Только там, где такой критик сотрудничает с писателями, у которых есть глубокая потребность в верном суждении о своем и чужом творчестве, могут сложиться нормальные отношения. Так было во времена Просвещения, в классический период немецкой литературы, в годы великого реалистического подъема во Франции первой половины XIX века, в революционно-демократический период русской литературы.
Нормальные отношения и сотрудничество отнюдь не исключают борьбы направлений.

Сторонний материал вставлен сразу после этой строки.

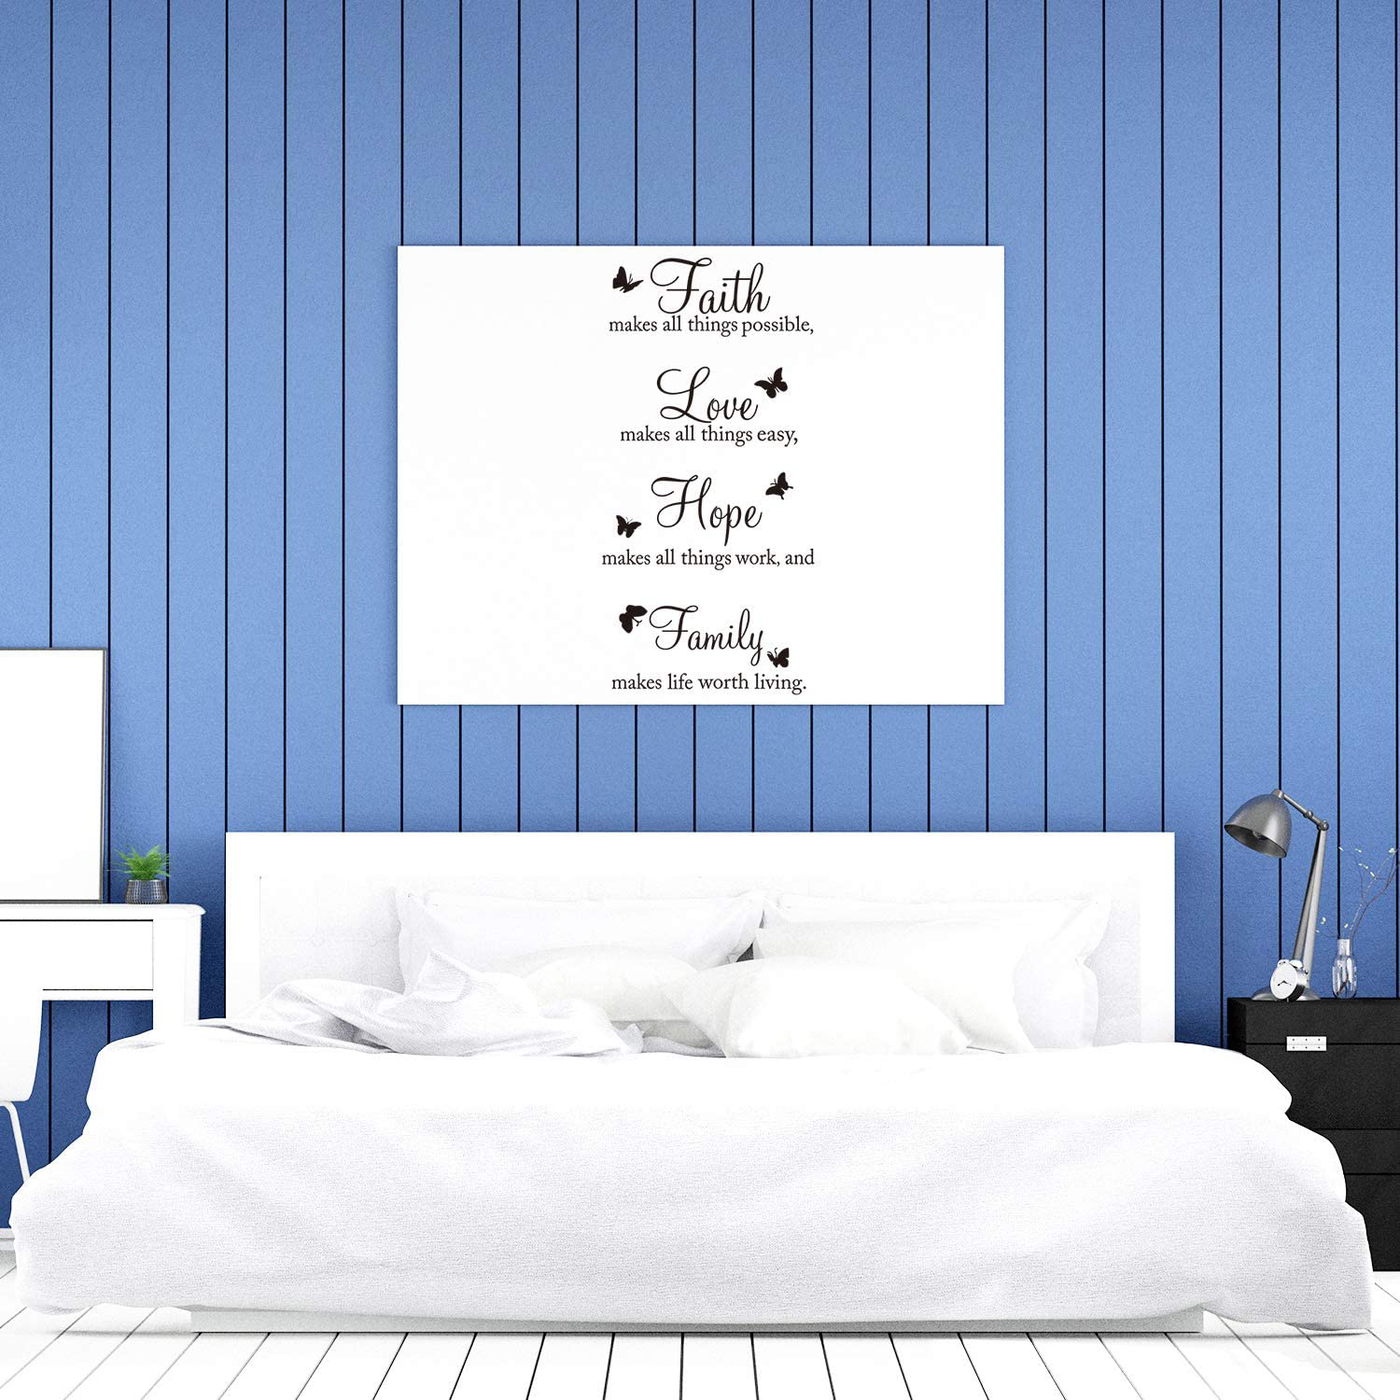 Zonon 4 Pieces Vinyl Wall Decals Faith Makes All Things Possible Live Every Moment Sticker Family Vinyl Wall Stickers Quotes Motivational Wall Quote Sayings Butterfly Wall Stickers Home Decors
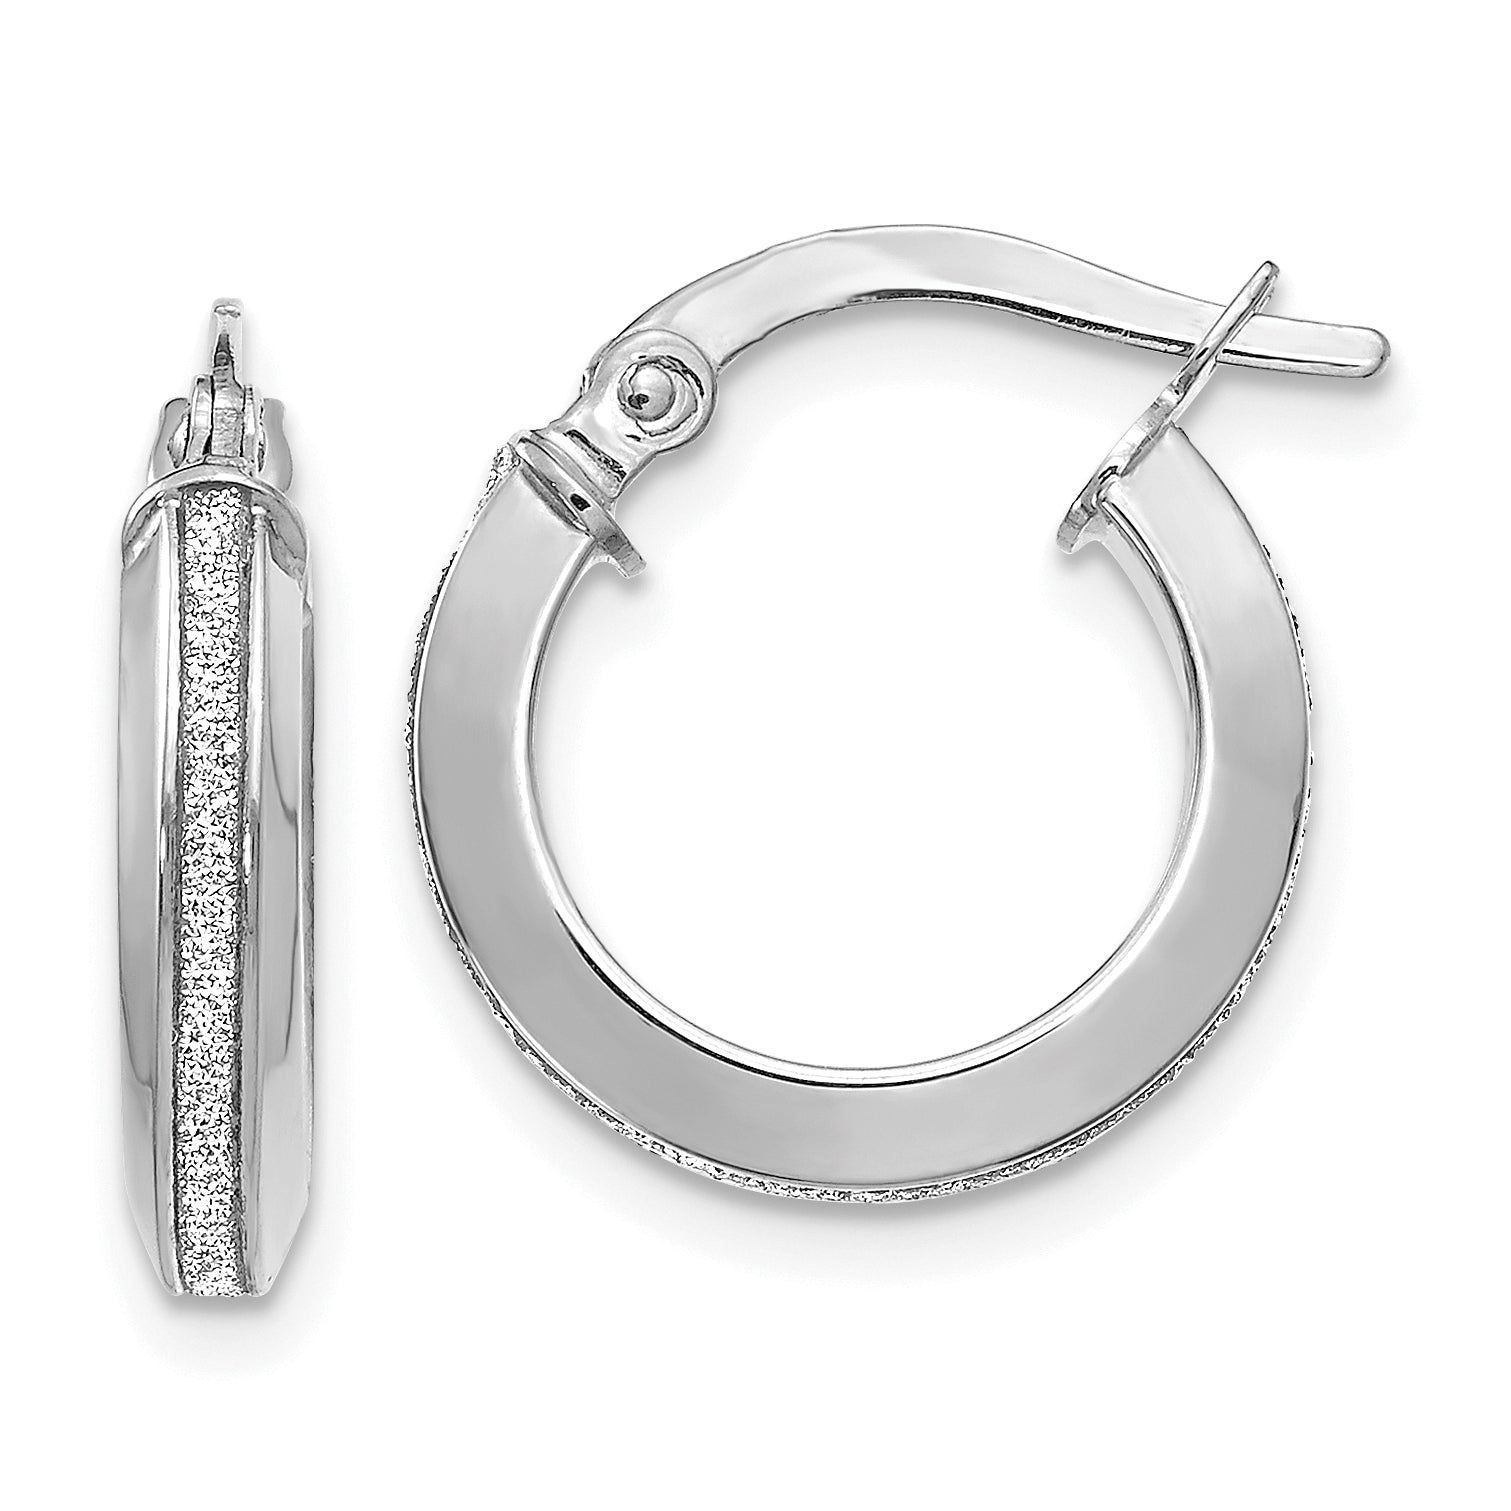 14K White Gold Polished Glimmer Infused Hoop Earrings

В классовом обществе литературные группы являются необходимым, хотя и не прямым, не механическим, следствием классовой борьбы, столкновения социальных и политических тенденций. Противоречия в немецком обществе времен французской революции, ряд кризисов во Франции 1789–1848 годов, размежевание либерализма и революционной демократии в России — все эти и другие, подобные им, явления имеют свое отражение в художественной литературе и критике. И, конечно, противоречия, столкновения в литературе не были легче, чем в политике. Ясно также, что люди, участвующие в таких столкновениях, не могли быть свободны от личной ненависти, мелочности и т. п. Буржуазные историки литературы с большим удовольствием повествуют обо всех этих некрасивых деталях литературного быта, — это им помогает затушевывать политический и философский смысл прошедших великих событий и оправдывать мелочность и низость современных буржуазных писак фальшивыми аналогиями. Все дело в том, каково содержание таких боев и стычек, на каком идейном уровне ведется спор. Белинский, Чернышевский и Добролюбов изложили свои научные взгляды на эстетические основы истории русской литературы для того, чтобы политически просветить участников революционно-демократического движения и освободить это движение от либеральной половинчатости. Сколько ни рассказывайте про «обиженных» ими писателей, это ничего не изменит в оценке их деятельности и в значении их борьбы для идеологического и художественного роста русской литературы.